Служанка перестала смеяться, подала чай и ушла. Тогда Ван спросила Цинь Чжуна:
— Так что же ты собирался сказать мне, господин Цинь?
— Собственно, ничего другого, как то, что хотел бы пригласить одну из ваших девушек выпить со мной чарку вина.
— Что ж, так и будете пить вино, и больше ничего? — сказала на это Ван с лукавой усмешкой. — Наверно, поразвлечься задумал? А ты ведь человек тихий и скромный. С каких это, скажи, пор появилось у тебя такое игривое настроение?
— Сокровенную эту мечту я очень давно уже лелею.
— Всех девиц моих ты знаешь, интересно, какая же из них тебе приглянулась?
— Ни о ком другом не думаю, и единственно, с кем хочу побыть вечер, — это с Царицей цветов.
Решив, что он смеется над ней, Ван сразу же переменила тон:
— Ты понимаешь, что говоришь? Или издеваешься надо мной?
— Вы знаете, что человек я прямой и говорю то, что думаю.
— Гм, даже у ночного горшка два ушка, так неужели ты не слышал, сколько я беру за мою Мэйнян? Да тебя со всем твоим скарбом не хватит на то, чтобы провести с ней хотя бы полночи.
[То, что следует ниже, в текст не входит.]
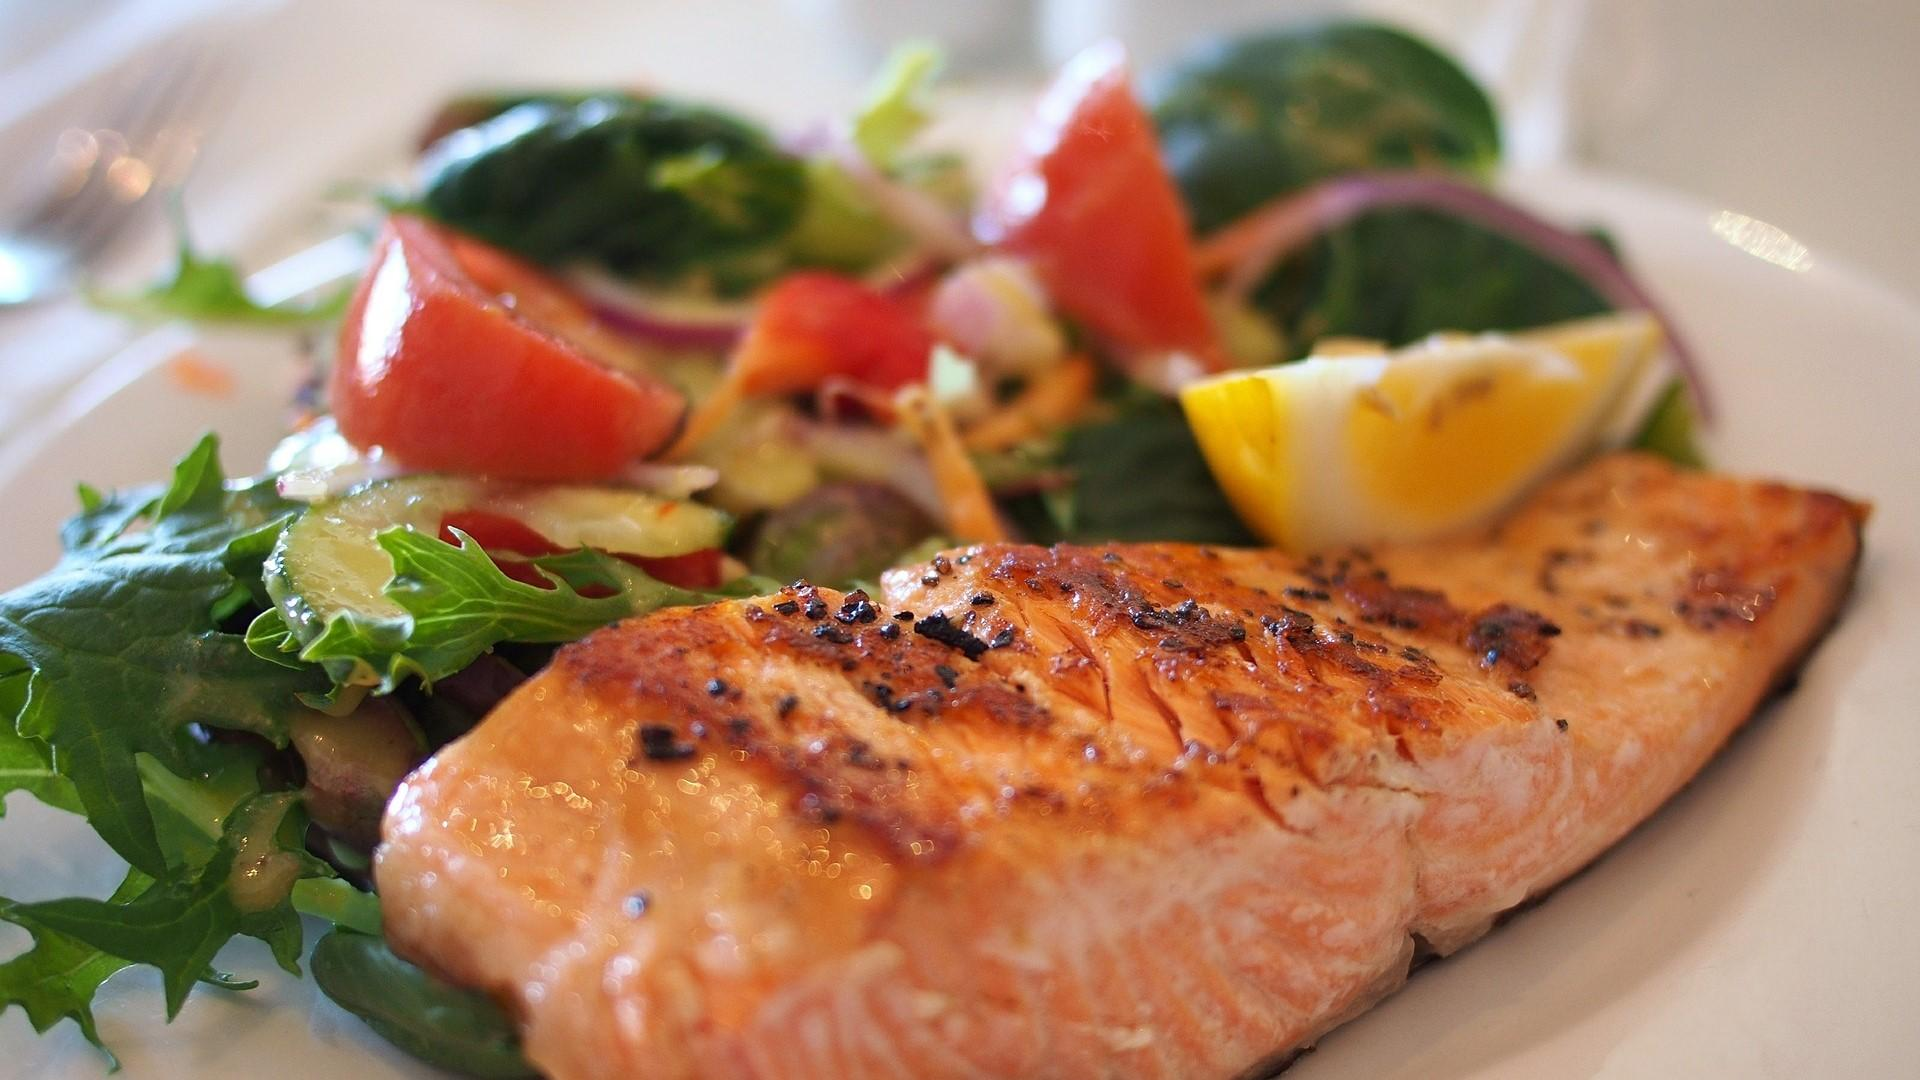 Welcher Fisch ist gesund? - Das sind die gesündesten Fischsorten
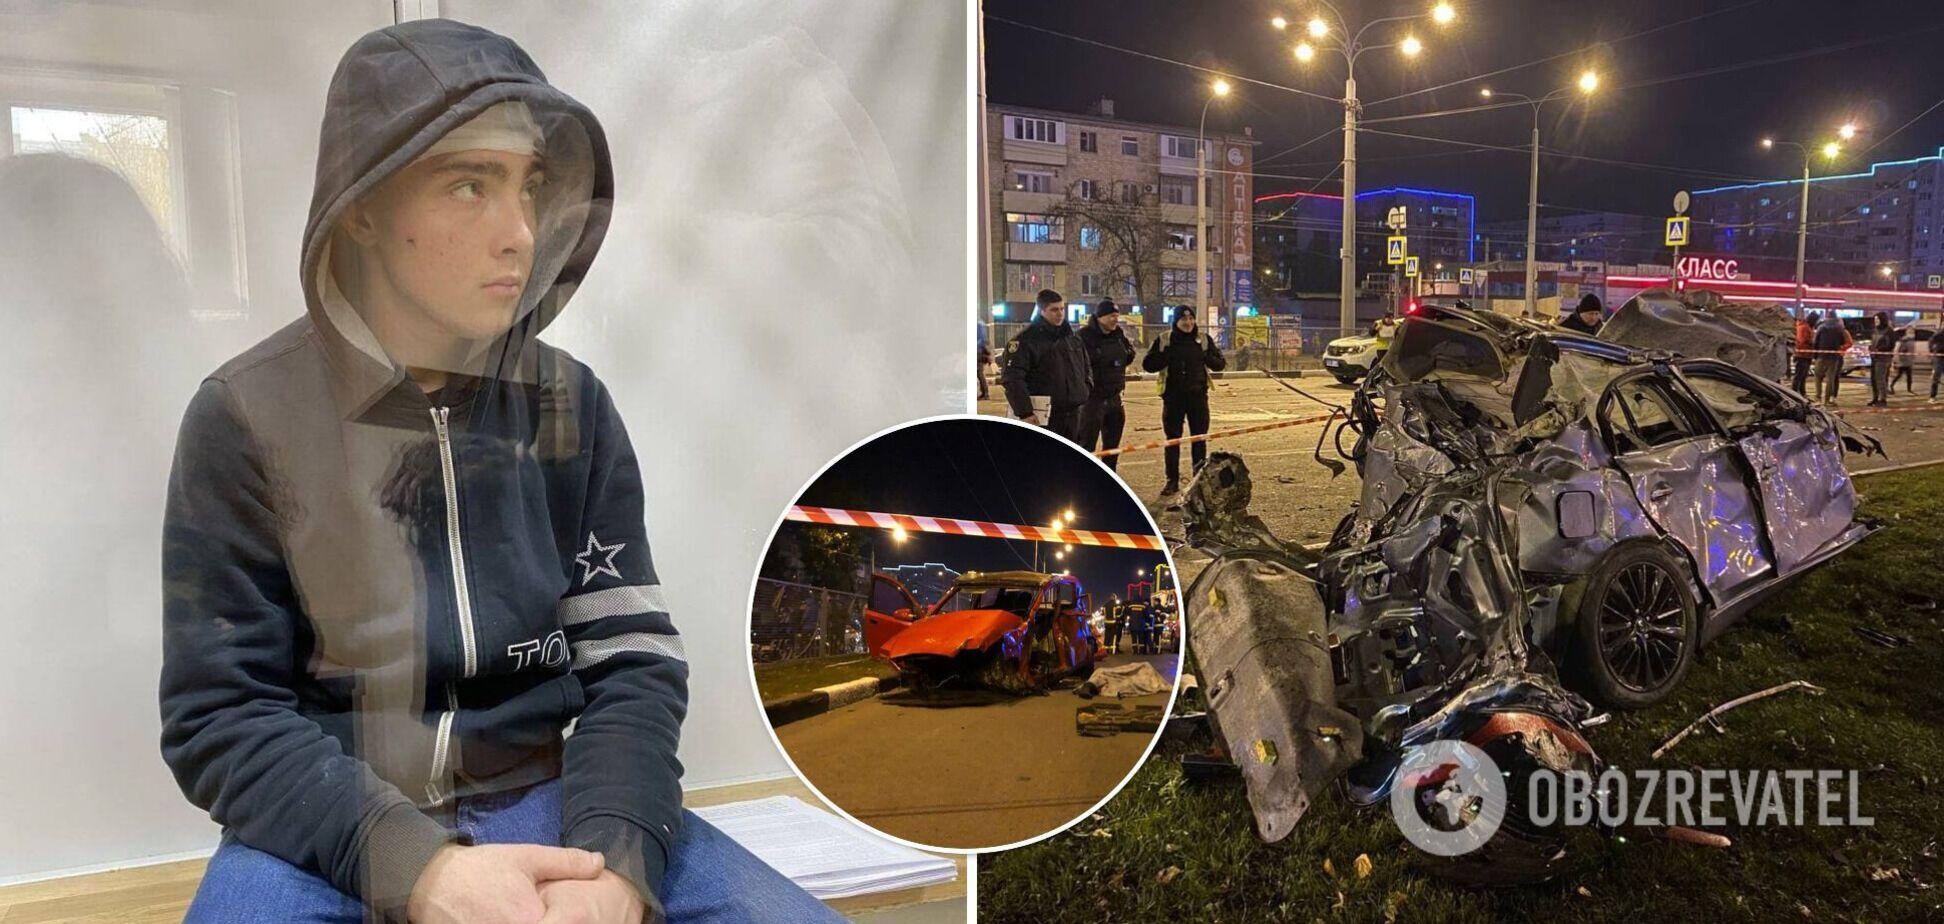 Суд избрал меру пресечения подростку, устроившему смертельное ДТП в Харькове. Все подробности
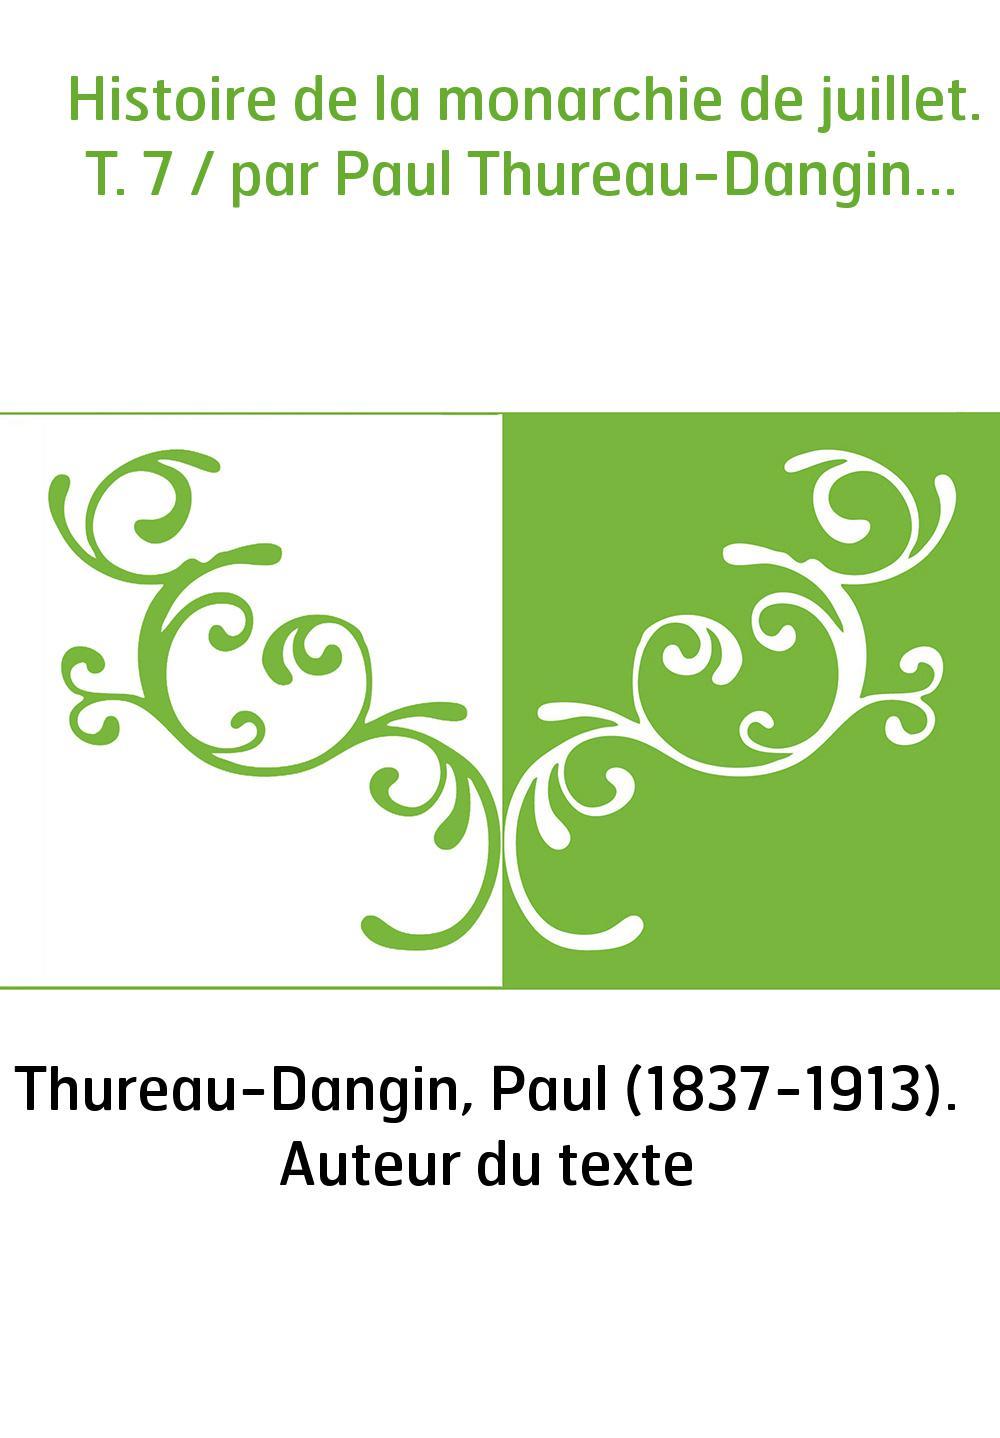 Histoire de la monarchie de juillet. T. 7 / par Paul Thureau-Dangin...
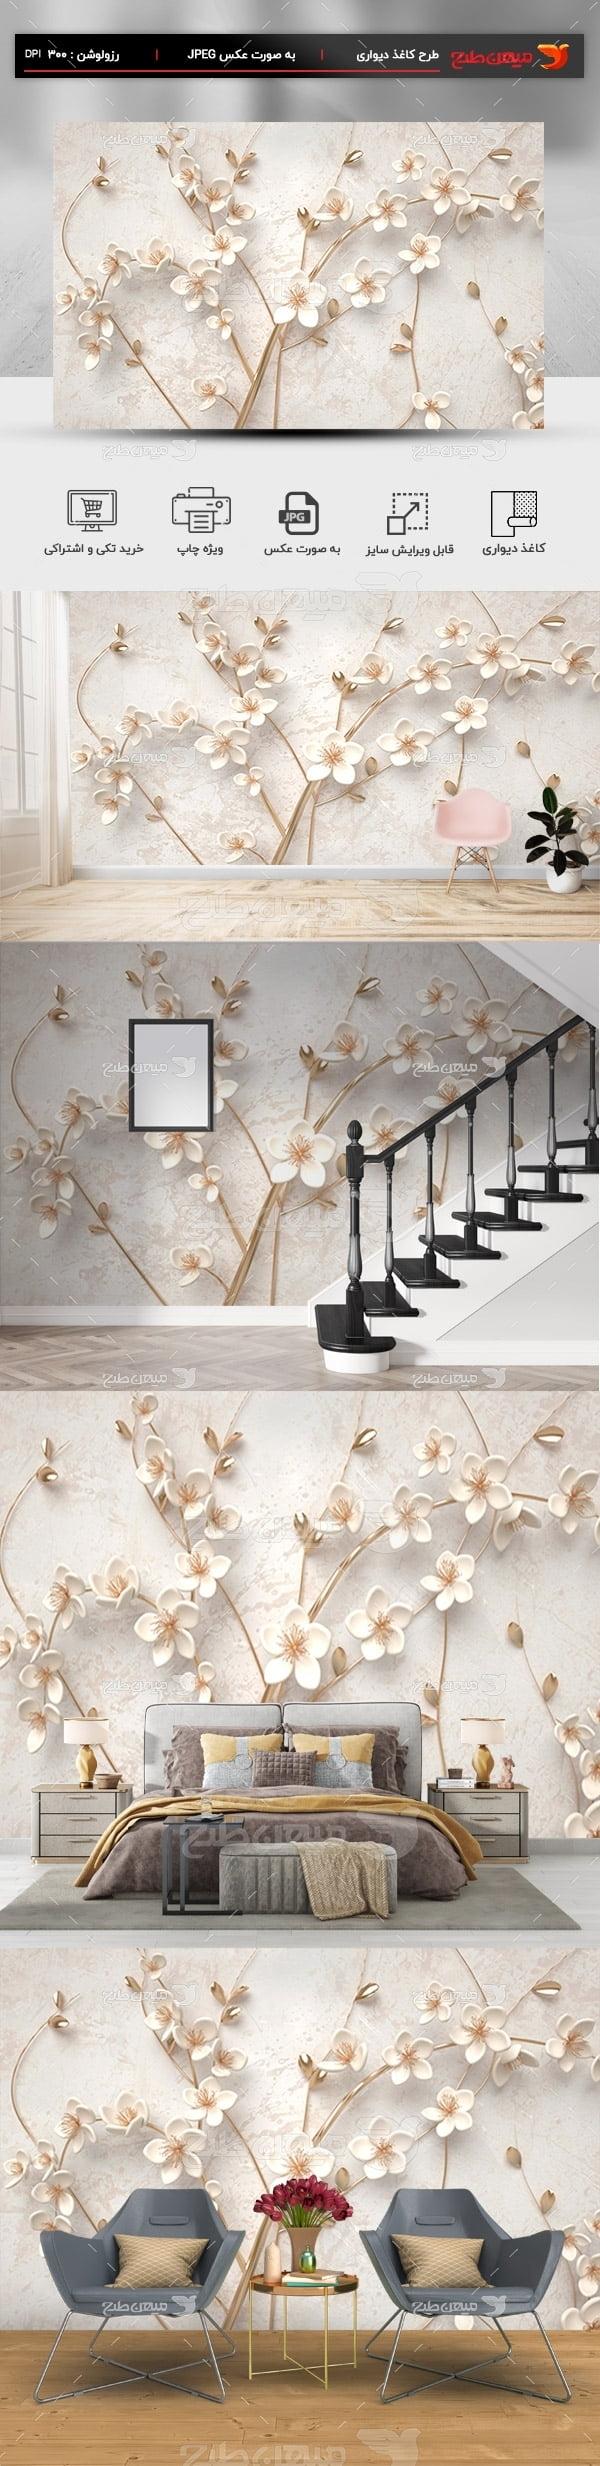 پوستر کاغذ دیواری سه بعدی کرم با گل صدفی
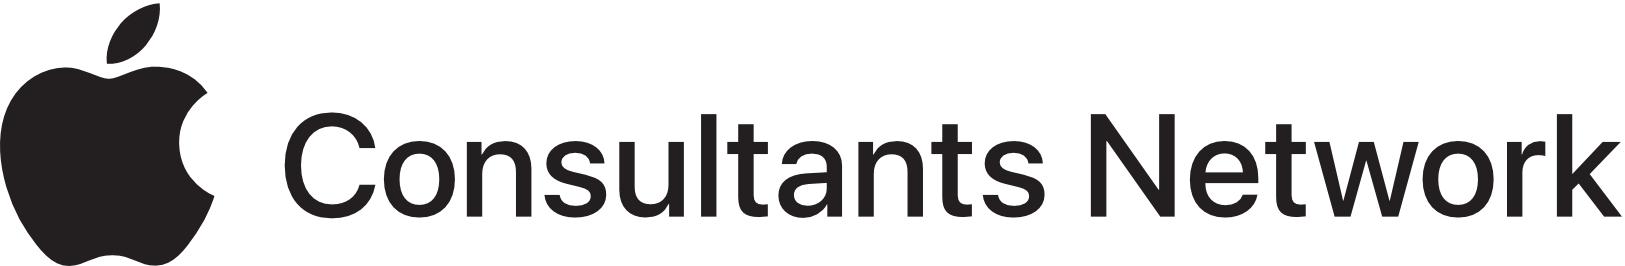 ACN-logo-2018.png

Уж лучше как-нибудь отведи душу с другой.
Цинь Чжун изобразил притворное изумление на лице.
— Не думал, что вы так любите похвастать! — сказал он. — И все-таки осмелюсь спросить, сколько же тысяч ланов нужно, чтобы провести ночь с Царицей цветов.
Ван снова заулыбалась — она полагала, что продавец, конечно, шутит, и в ответ сказала ему:
— «Сколько тысяч»? Ну, зачем так много, всего десять ланов чистого серебра, помимо угощения и прочих расходов.
— Вот как. Ну, это пустяки, — заявил Цинь Чжун и, вынув из рукава сверкающий белизной большой слиток серебра, подал его хозяйке: — Этот десятилановый слиток прошу вас оставить себе. — Затем он вынул маленький слиток. — Здесь около двух ланов, — сказал он. — Прошу приготовить на них угощение. Помогите мне, а я до конца жизни не забуду этого и не премину потом доказать вам свое почтение и благодарность.
Когда Ван увидела большой слиток, ей стало жаль упускать его из рук, но в то же время она подумала: не минутная ли это блажь, не будет ли этот продавец потом, когда останется без денег, раскаиваться? Поэтому она сочла за благо на всякий случай предупредить его.
— Тебе, скромному продавцу, — сказала она, — нелегко было скопить эти деньги, и нужно трижды подумать, прежде чем решиться на такое.
— Я уже решил, и прошу вас об этом не беспокоиться.
Тогда Ван спрятала серебро в рукав и сказала:
— Ну, ладно, решил так решил, однако трудностей предстоит еще много.
— Вы ведь здесь главная, какие же могут быть трудности? — возразил Цинь Чжун.
— Видишь ли, у моей Мэйнян бывают знатные да богатые люди, и действительно можно сказать, что здесь «виднейших ученых услышишь в веселой беседе и средь массы гостей не найдешь никого без чинов»; а она знает, конечно, что ты мелкий торговец, и навряд ли пожелает принять тебя.